Supplied material START
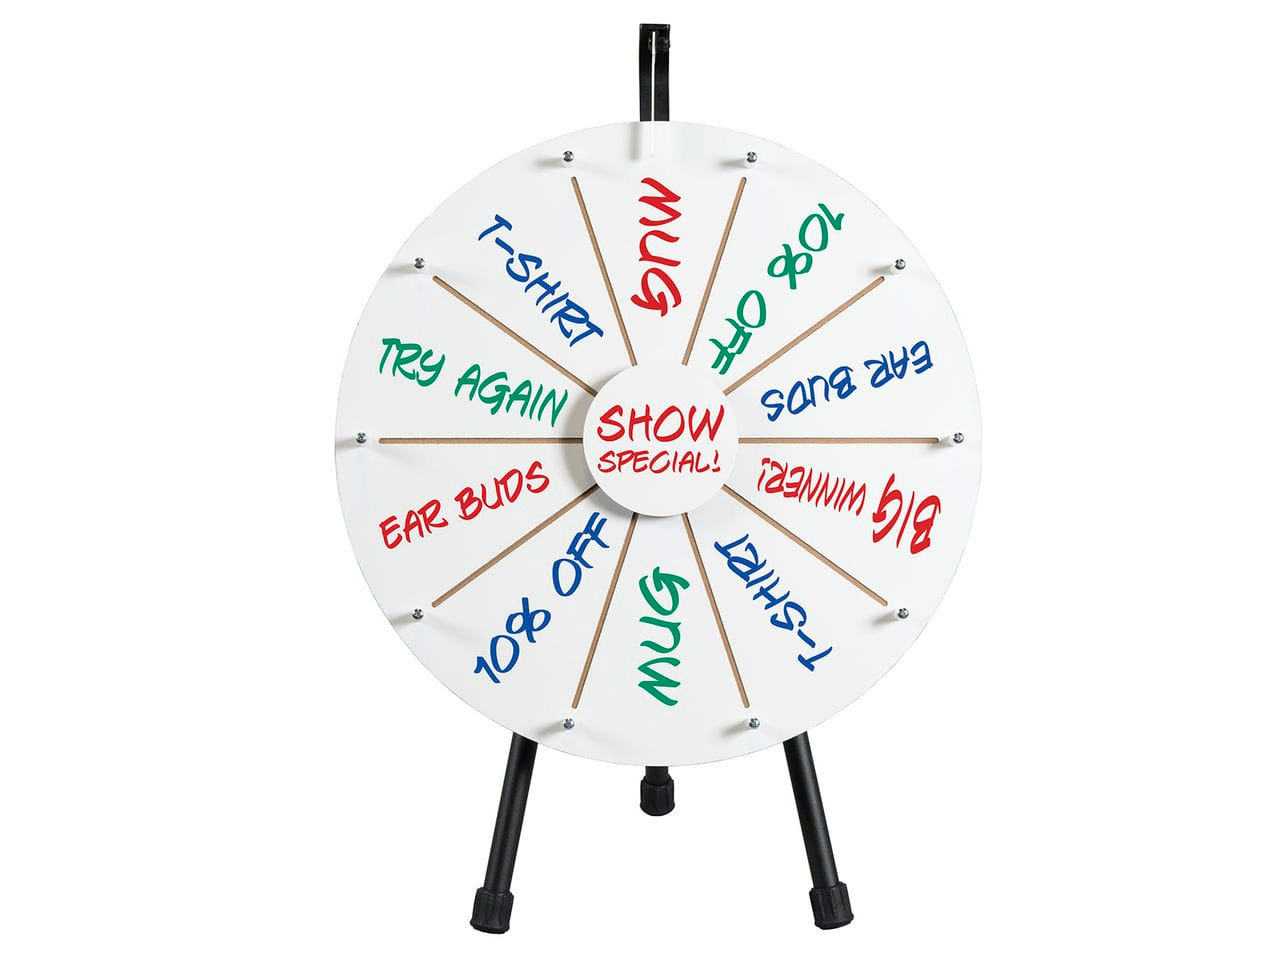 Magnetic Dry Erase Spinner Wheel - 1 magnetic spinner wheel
Supplied material END
Supplied material START
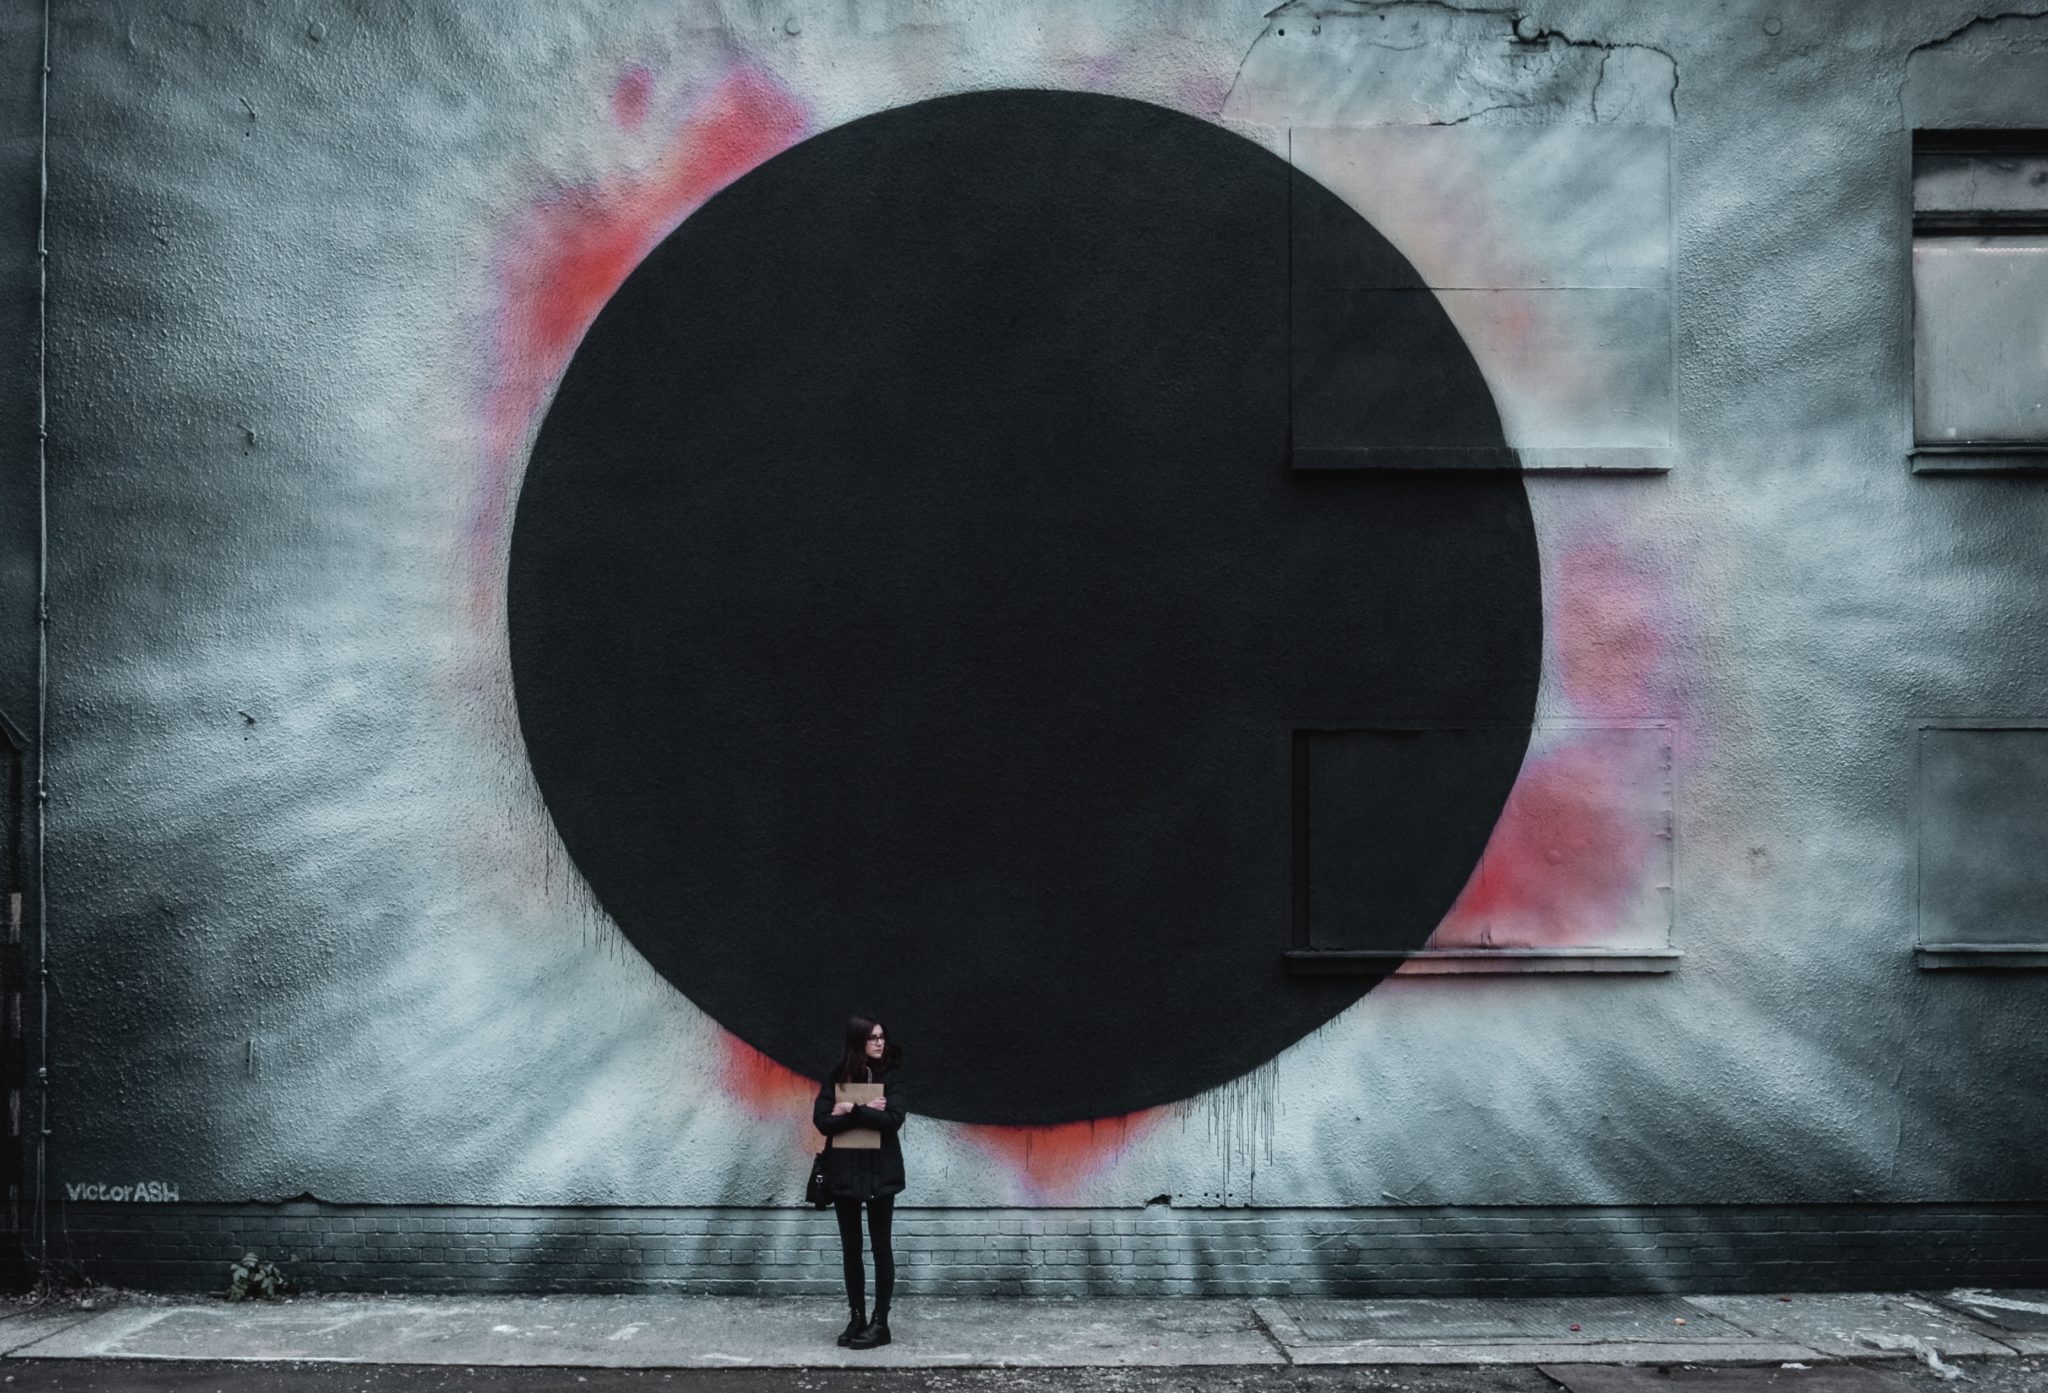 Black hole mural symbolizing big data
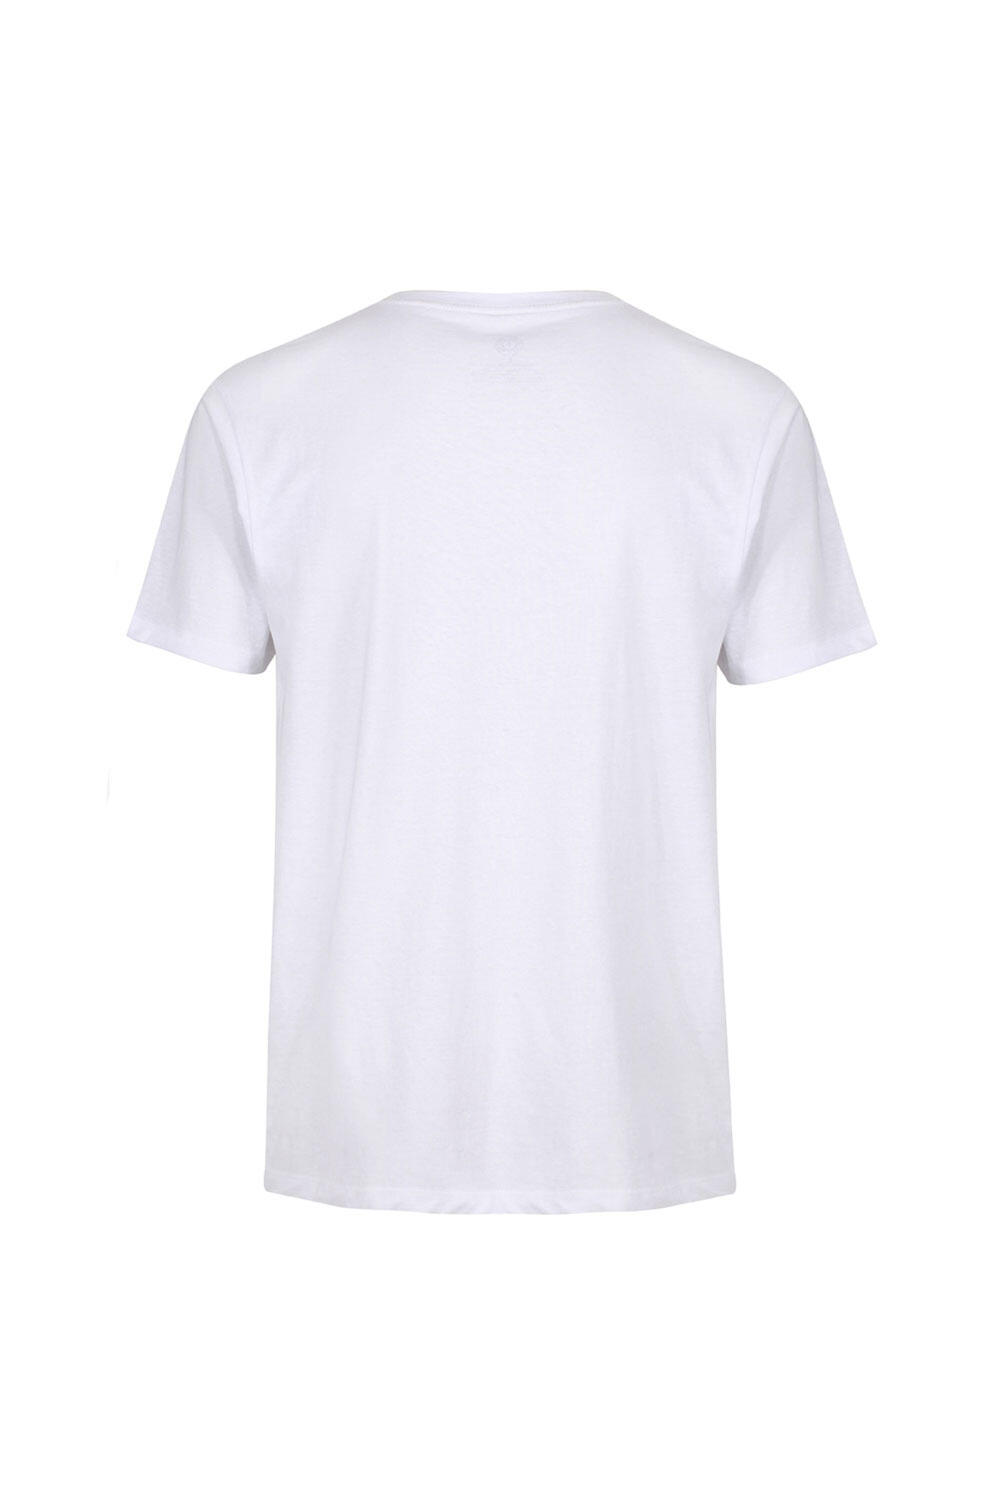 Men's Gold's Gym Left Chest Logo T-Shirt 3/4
Supplied material END
§ Required work: Look above for the line containing "Black hole mural symbolizing big data" and the line containing "Men's Gold's Gym Left Chest Logo T-Shirt 3/4", then reproduce both and everything between them exactly, pictures omitted.

§ Task response:
 Black hole mural symbolizing big data
 Men's Gold's Gym Left Chest Logo T-Shirt 3/4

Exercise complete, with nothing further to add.